== Your task ==
Could every line of the listing be output exactly, with the pictures skipped?

== Data block ==
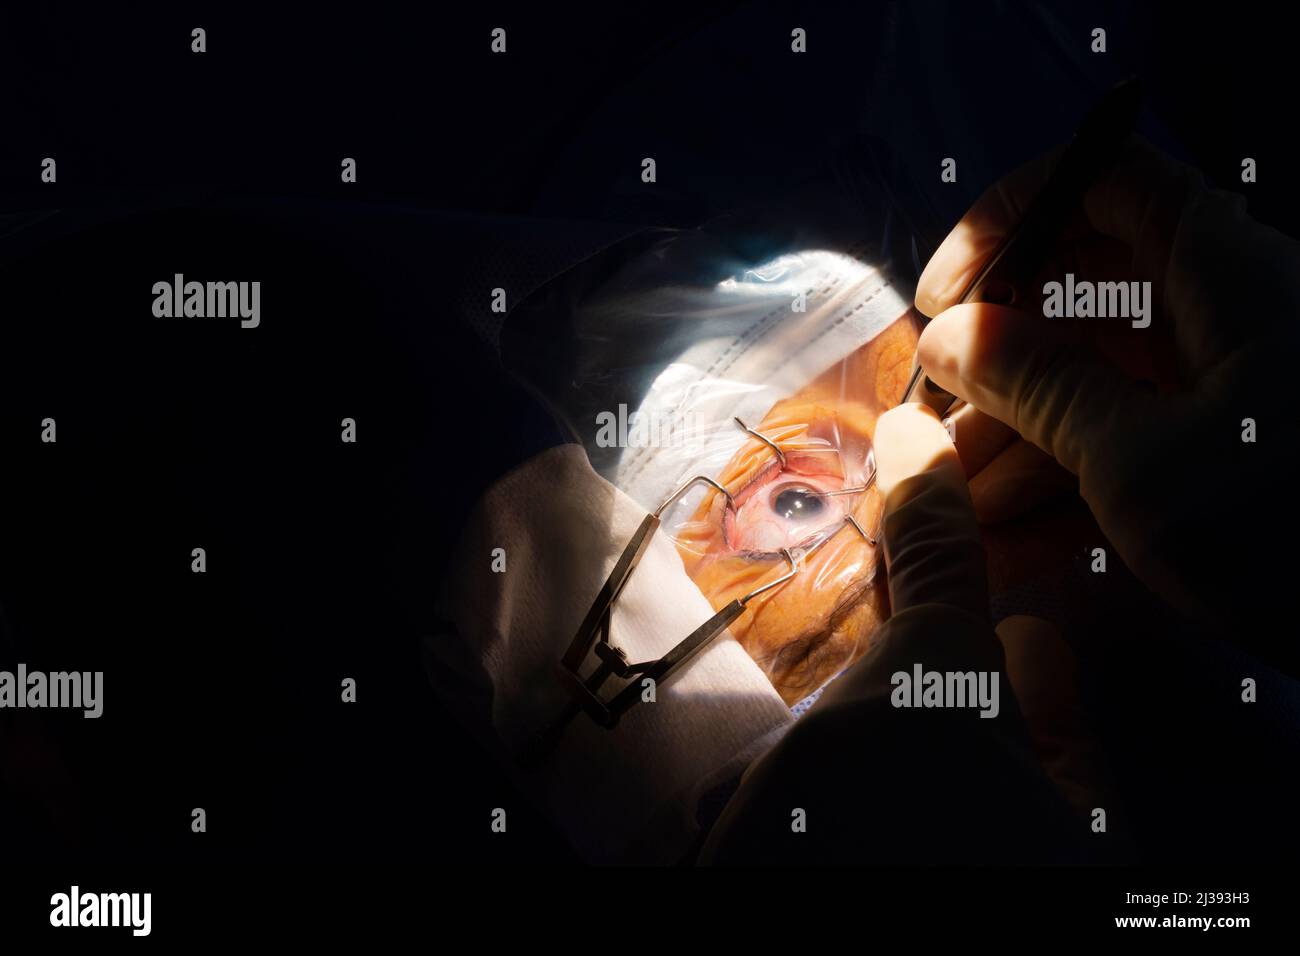 Gros plan d'un œil humain, chirurgie de la cataracte dans une salle d'opération d'ophtalmologie. Champ stérile et mains du chirurgien avec des gants stériles insérant une catara Banque D'Images
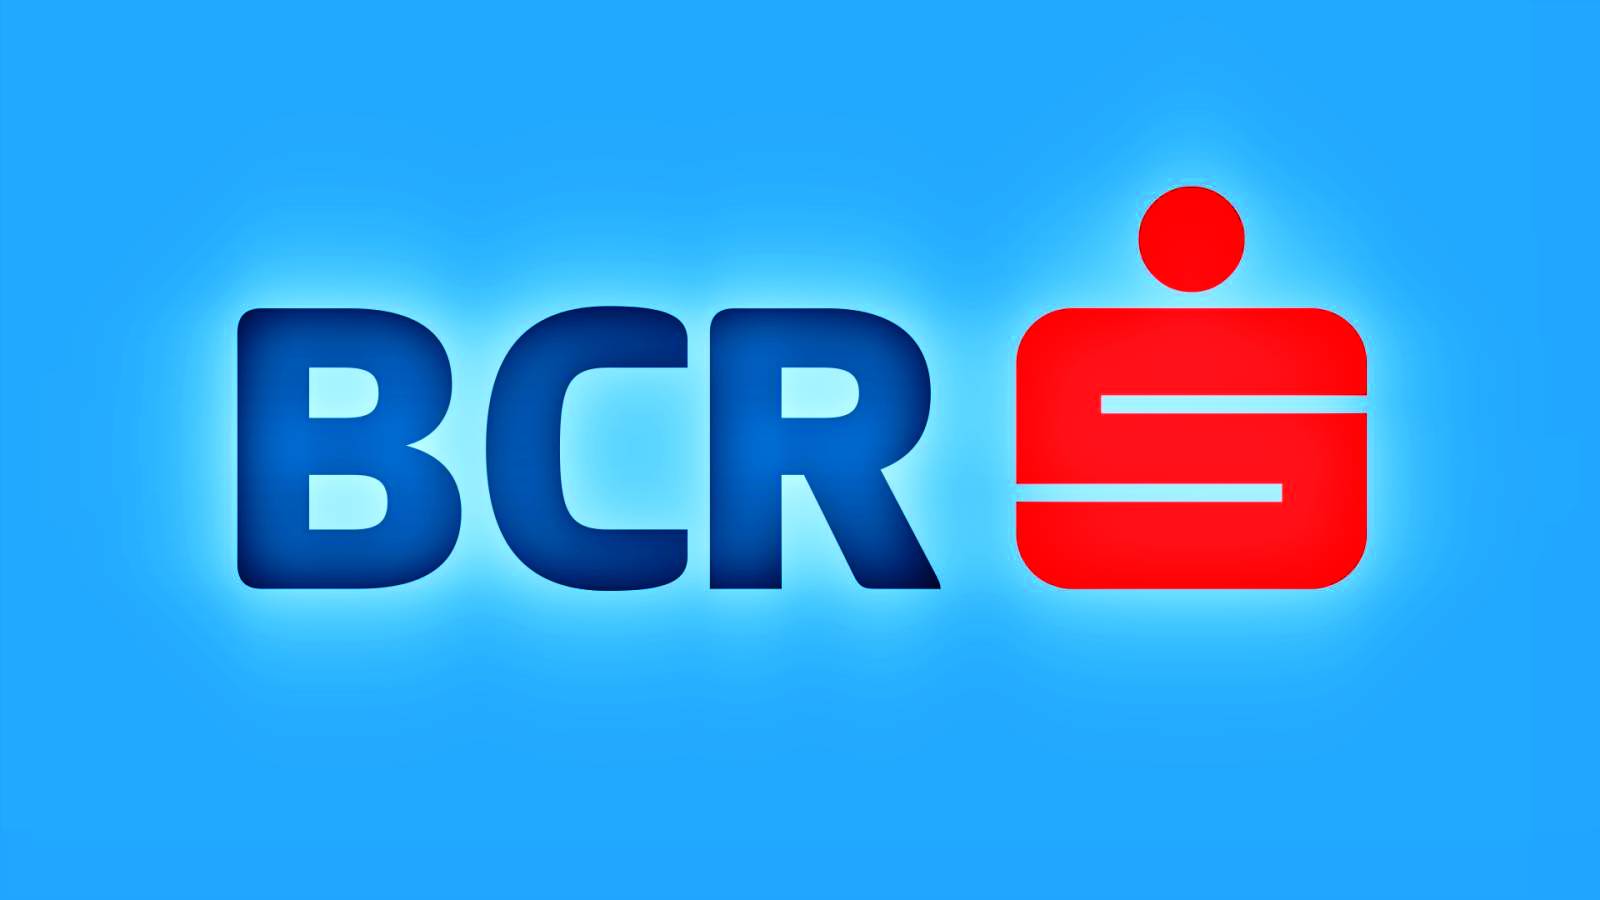 BCR Romania tastatur
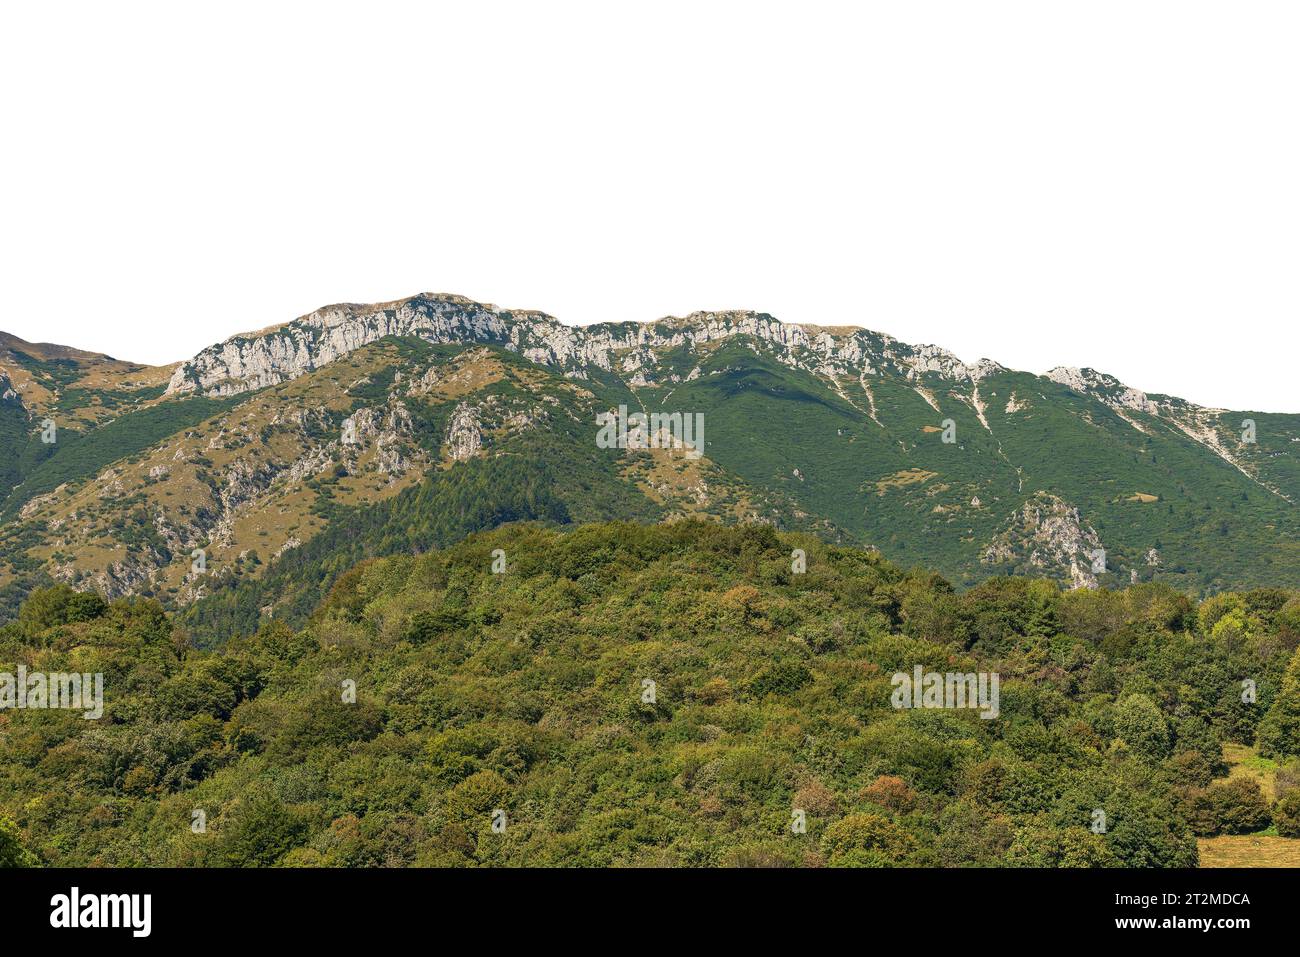 Vette montuose delle Alpi italiane isolate su sfondo bianco in estate. Monte Baldo (Monte Baldo), catena montuosa tra il Lago di Garda e la Valle dell'Adige Foto Stock

== Answer section ==
 Gros plan d'un œil humain, chirurgie de la cataracte dans une salle d'opération d'ophtalmologie. Champ stérile et mains du chirurgien avec des gants stériles insérant une catara Banque D'Images
 BCR Romania tastatur
 Vette montuose delle Alpi italiane isolate su sfondo bianco in estate. Monte Baldo (Monte Baldo), catena montuosa tra il Lago di Garda e la Valle dell'Adige Foto Stock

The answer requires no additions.